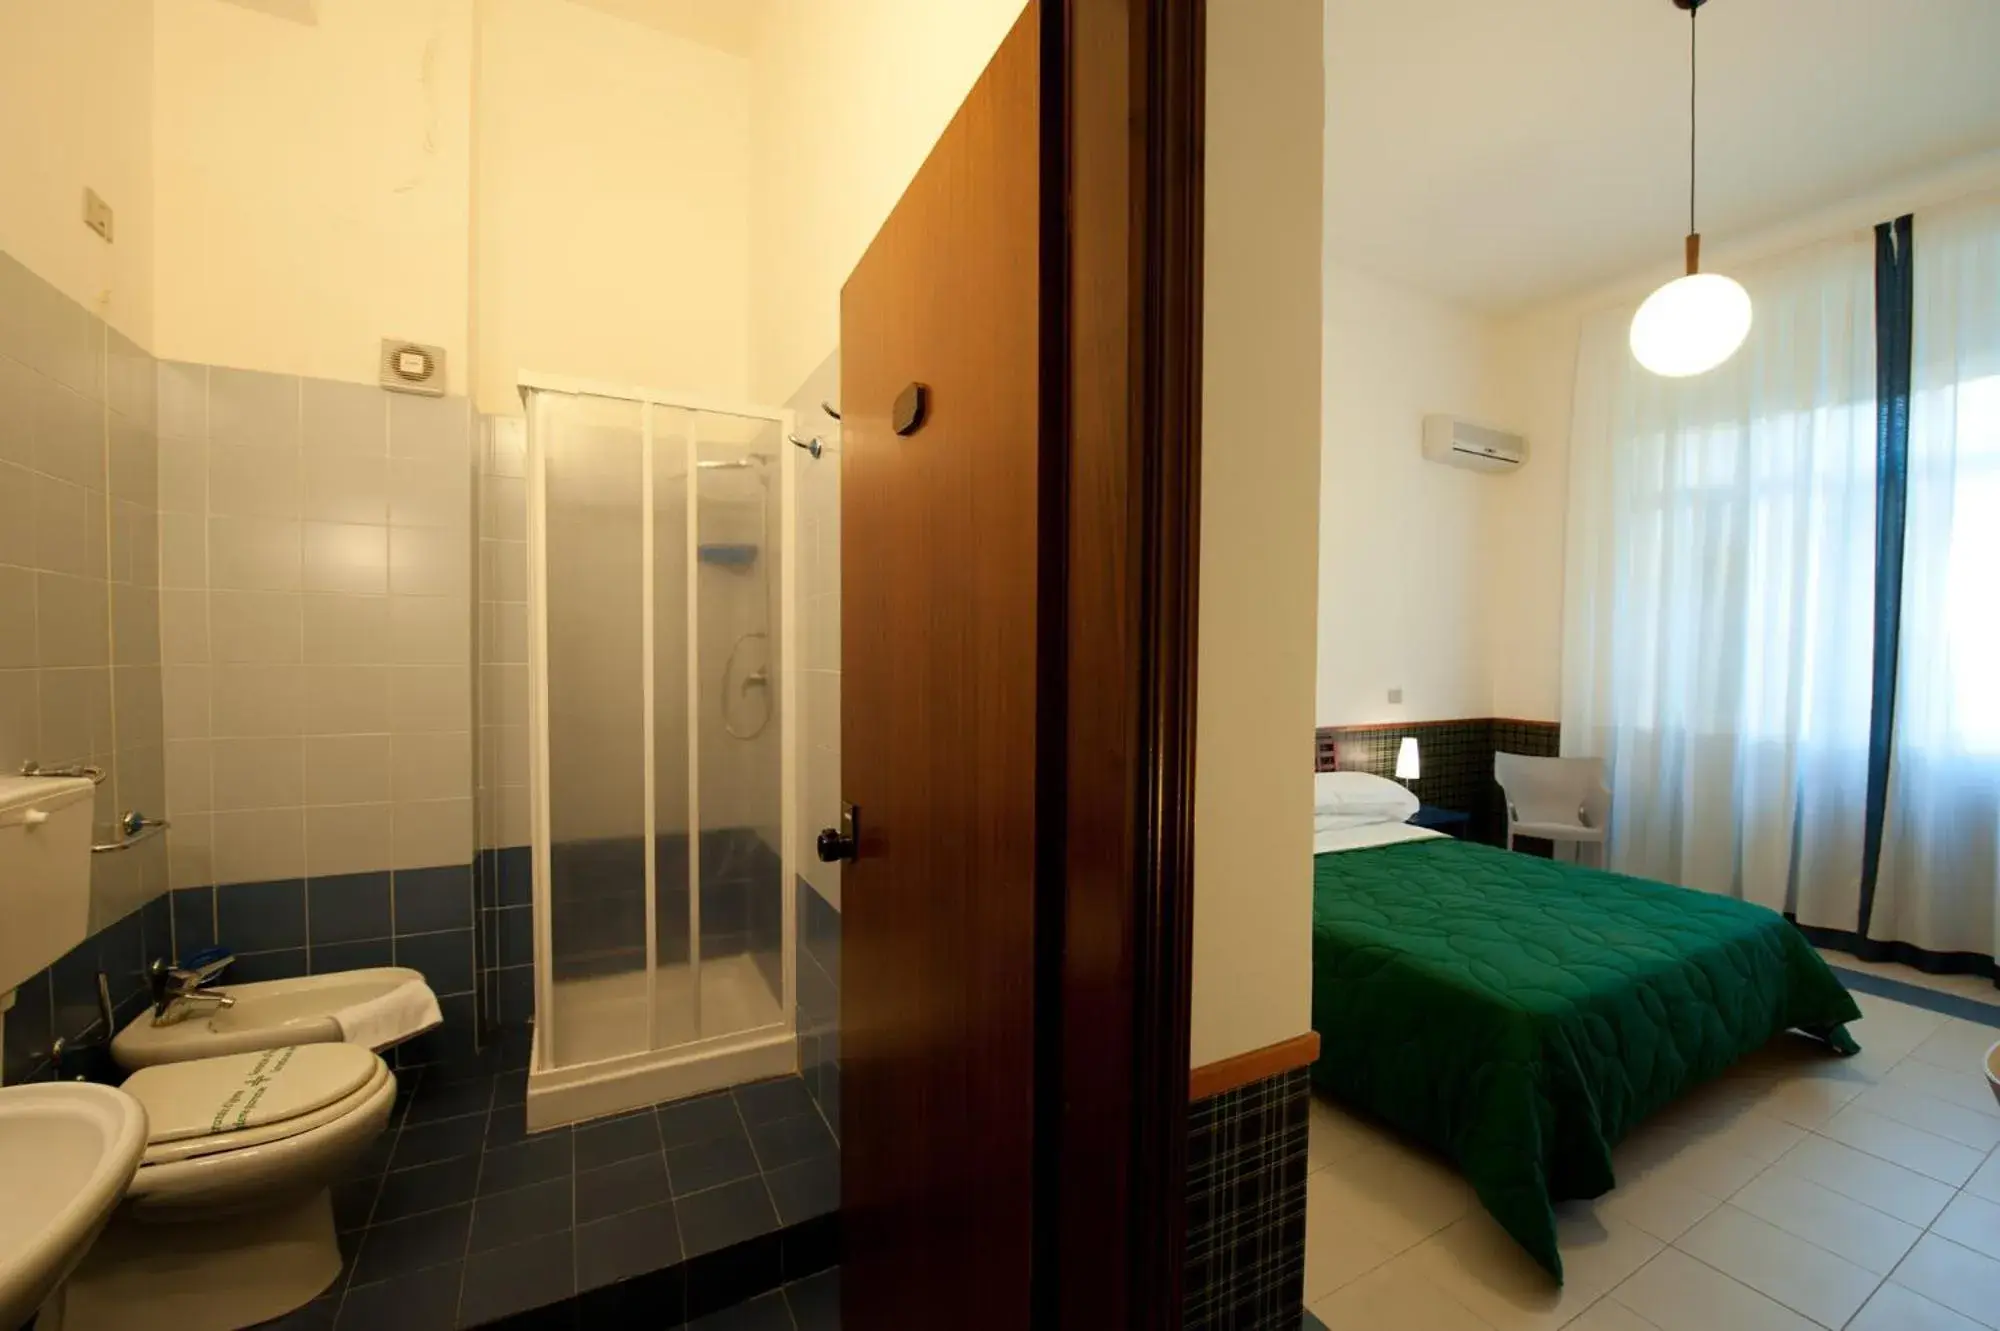 Bathroom in Hotel Villa Sturzo
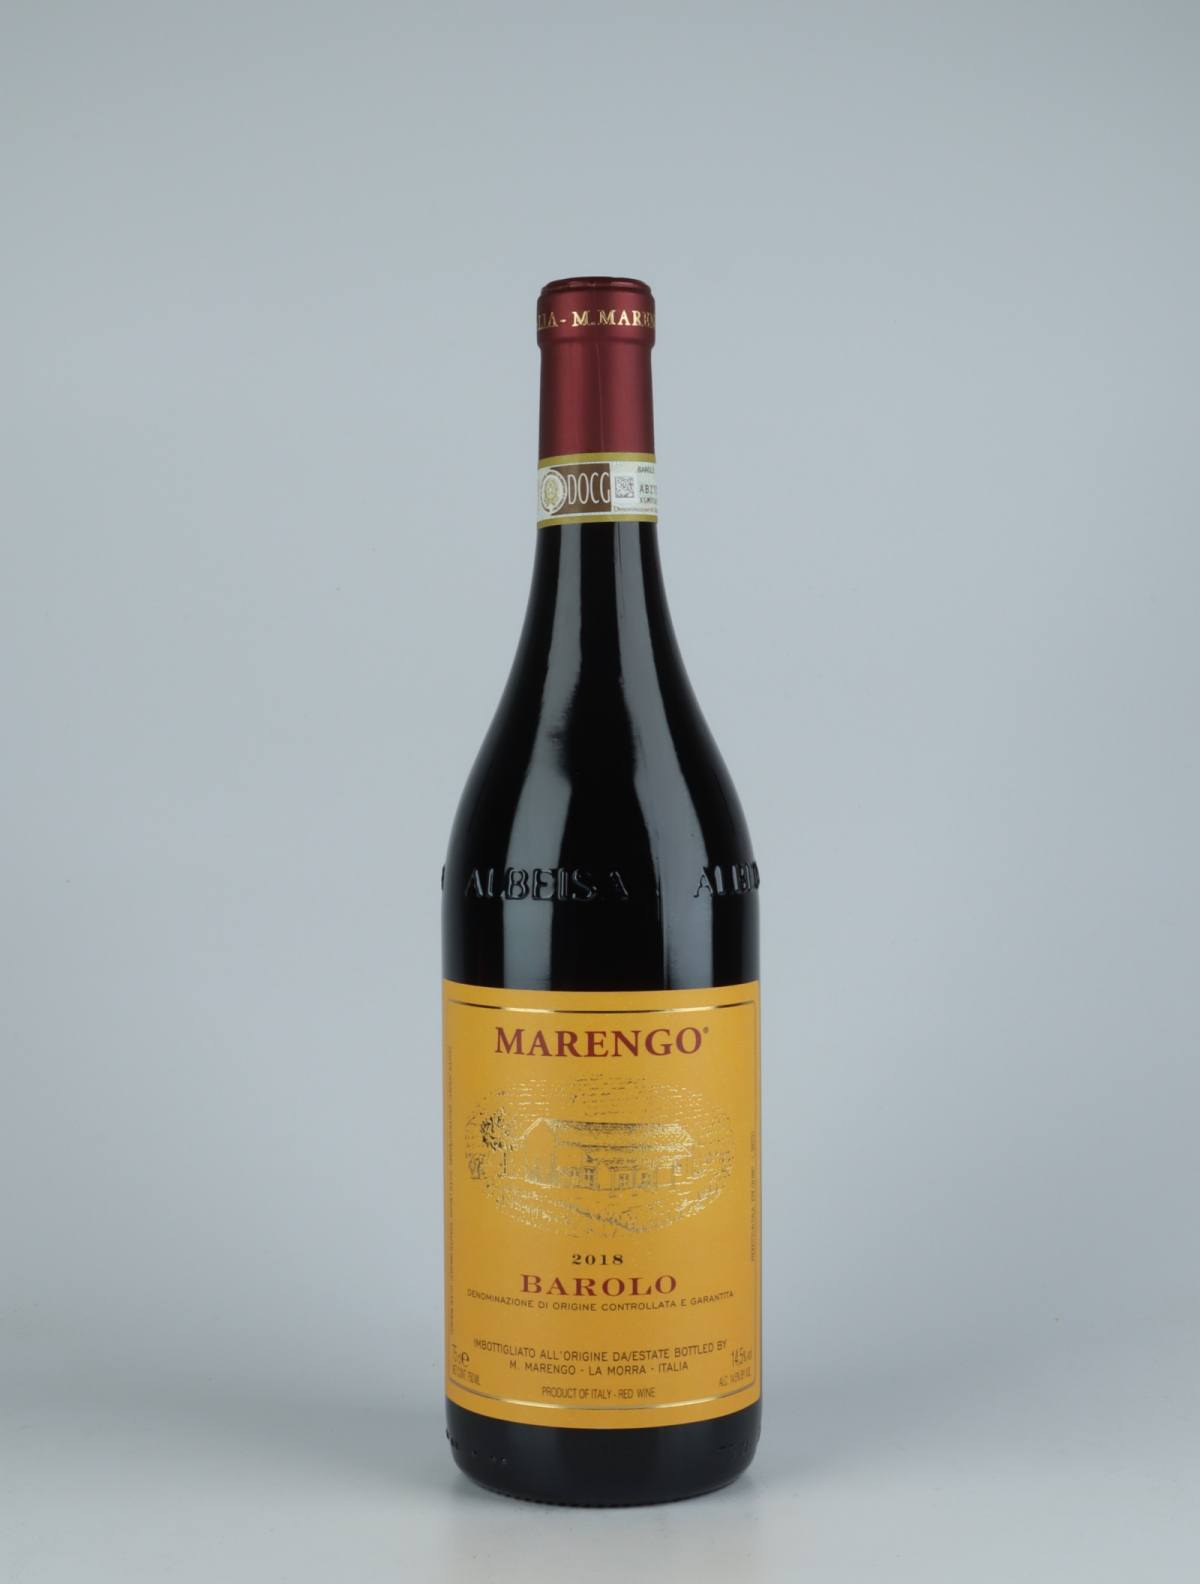 En flaske 2018 Barolo Rødvin fra Mario Marengo, Piemonte i Italien
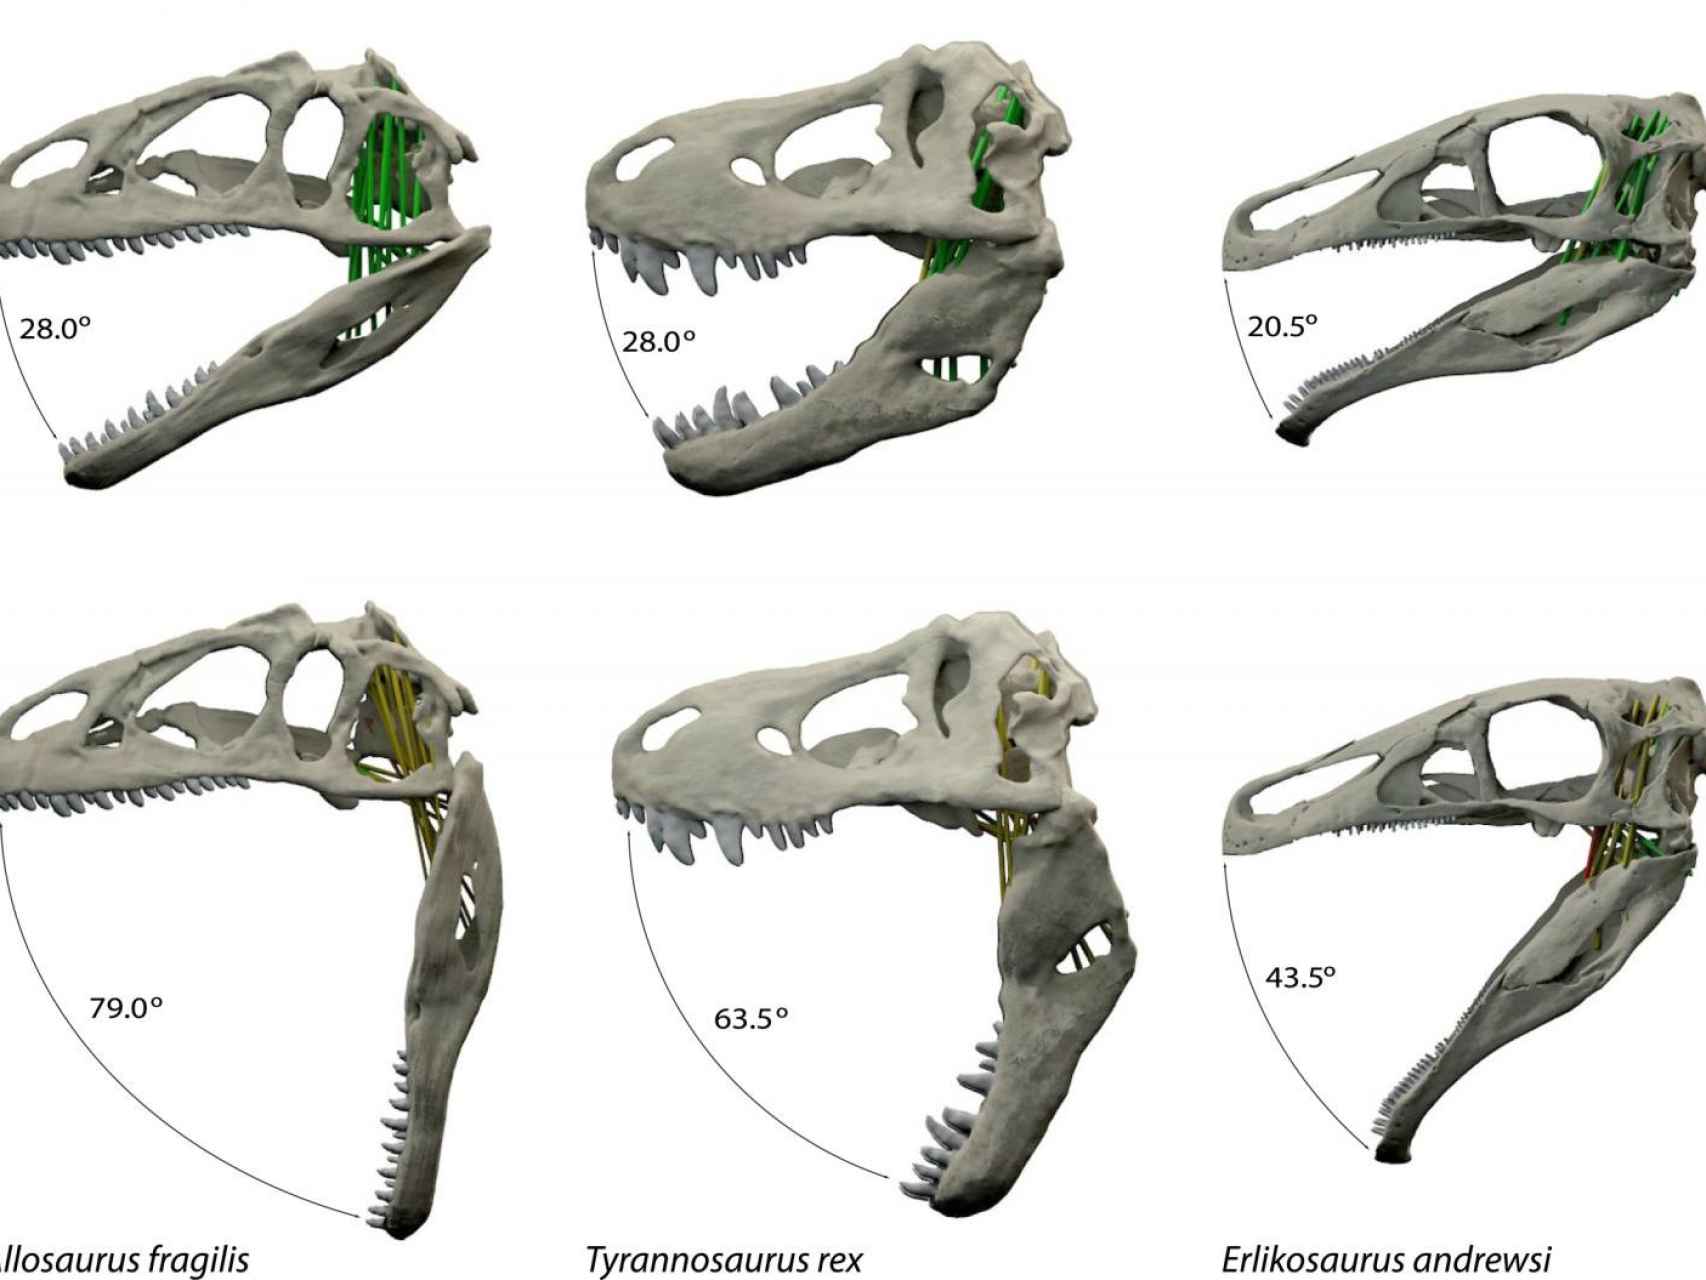 Apertura óptima y máxima apertura de las fauces de dinosaurios estudiados.

* [WHAT THE TASK REQUIRES]:
Restate exactly the lines that start at the "En flaske 2018" line and end with the last line of the material above, leaving out the pictures.

* [ANSWER BOX]:
 En flaske 2018 Barolo Rødvin fra Mario Marengo, Piemonte i Italien
 Apertura óptima y máxima apertura de las fauces de dinosaurios estudiados.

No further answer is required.